MRW talks to global packaging giant Tetra Pak about its recycling concerns.

How much packaging does Tetra Pak put on the market in a year, and how much of this goes on to be recycled?

Globally, 188 billion Tetra Pak packages were sold in 2017. Today in the UK, beverage cartons are collected for recycling by more than 90% of local authority areas. In 2018 more than 67% of councils collected from households in kerbside recycling collections and 25% of areas are served by bring bank collections

Cartons collected for recycling in 35% of all local authority areas are sent to a dedicated car­ton recycling plant in the UK, opened near Halifax in 2013 and run by Sonoco Alcore.

The local authorities that do not recycle bev­erage cartons in the UK plant export to the global recycling market. The export of packag­ing to the global market is commonplace for all packaging, not just cartons.

But the UK carton recycling plant gives councils the environmentally advantageous option of being able to recycle cartons domes­tically. It is therefore Tetra Pak’s aim for all local authorities to collect cartons in household col­lections for recycling.

What is your approach to extended producer responsibility (EPR)?

Tetra Pak’s goal is to enable our packages to be transformed into resources as part of a circular economy. Establishing and improving recycling schemes is essential to this transformation.

“We serve as a matchmaker between collectors and recyclers, and help to expand market opportunities for recycled materials.”

We have been working for decades with gov­ernments, business partners and NGOs around the world to improve recycling for our packag­ing. Tetra Pak has been a committed partner in developing and implementing most of the EPR schemes for packaging waste today.

We strongly believe that EPR plays an important role in boosting recycling rates. We have established recycling solutions for bever­age cartons, serving as a matchmaker between collectors and recyclers, and helping to expand market opportunities for recycled materials. We also help to promote separate collections of recyclables and contribute to consumer aware­ness campaigns on the importance of recycling.

Tetra Pak’s main involvement in UK recycling infrastructure is through ACE UK and the dedicated carton recycling facility. How does it work with ACE, and in what other ways?

Through our membership of ACE, we have been instrumental in getting recycling in the UK off the ground. In October 2017, organisations from across the paper supply chain signed an agreement with ACE UK to establish paper cup recycling alongside carton packages at bring banks (which cover 25% of the UK). ACE UK will also work to include cups in kerbside collections.
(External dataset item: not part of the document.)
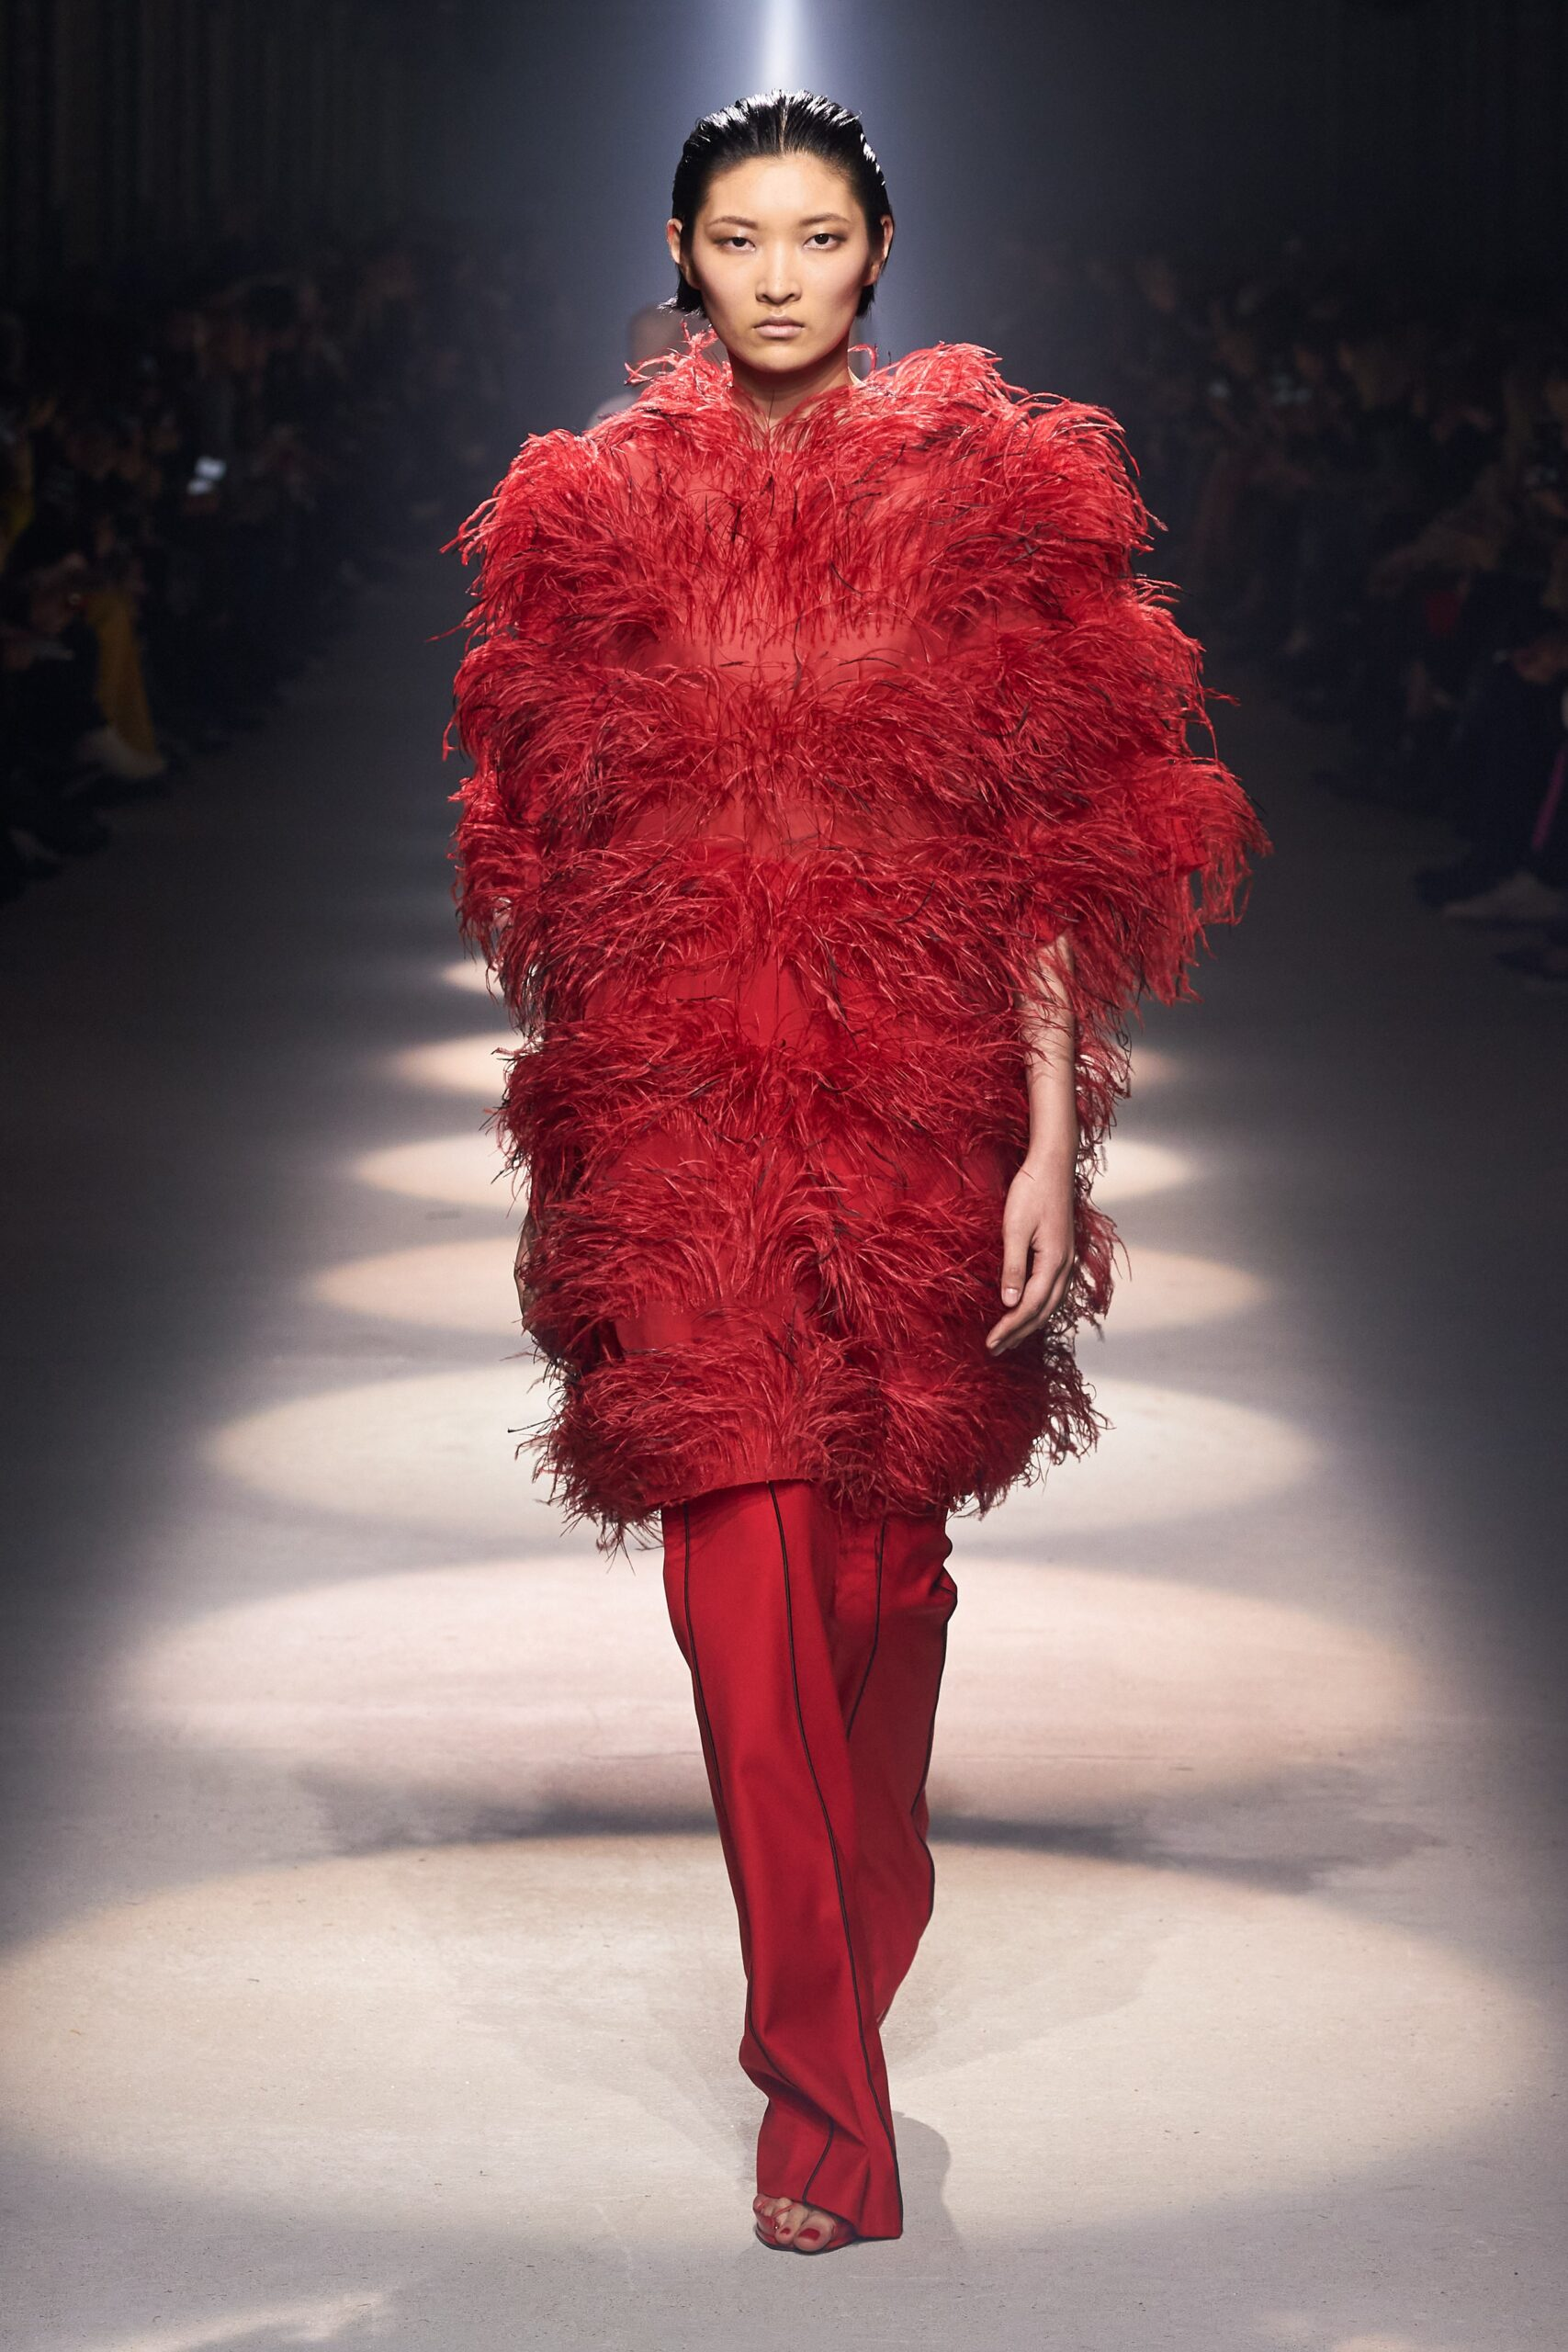 Givenchy Fall 2020 ready-to-wear

The greater volumes of recycling material generated by this initiative will improve the beverage carton recycling stream, strengthen the business case for carton recycling and con­tribute to a sustainable recycling value chain in the UK. This initiative complements Tetra Pak’s existing activities while raising awareness of our work.

Bio-based and biodegradable packaging sounds good to the general public but often causes more problems than it solves. What are your thoughts on this ongoing debate?

In our beverage cartons that use bio-based plas­tics, the plastic has been made from ethanol produced from sugar cane. Currently we use bio-based plastics in our caps, closures, film and neck of packages. In fact, we were the first in the industry in 2011 to launch caps made from bio-based polymers.

Derived from sugar cane ethanol, currently sourced in Brazil, the molecules are the same, and they function exactly the same as fossil fuel-based plastic caps but have a significantly lower carbon footprint. Importantly, recyclabil­ity is not affected at all because the bio-based materials are processed together with conven­tional polymers without restrictions

None of the plastics used in our packages are biodegradable, for food protection and recy­cling reasons. Our plastic must withstand light, oxygen and water for long periods of time to preserve the filled product. If the degradation process starts before consumption, the filled product will be spoiled and go to waste. Biode­gradable plastics also have a negative impact on the plastics recycling stream.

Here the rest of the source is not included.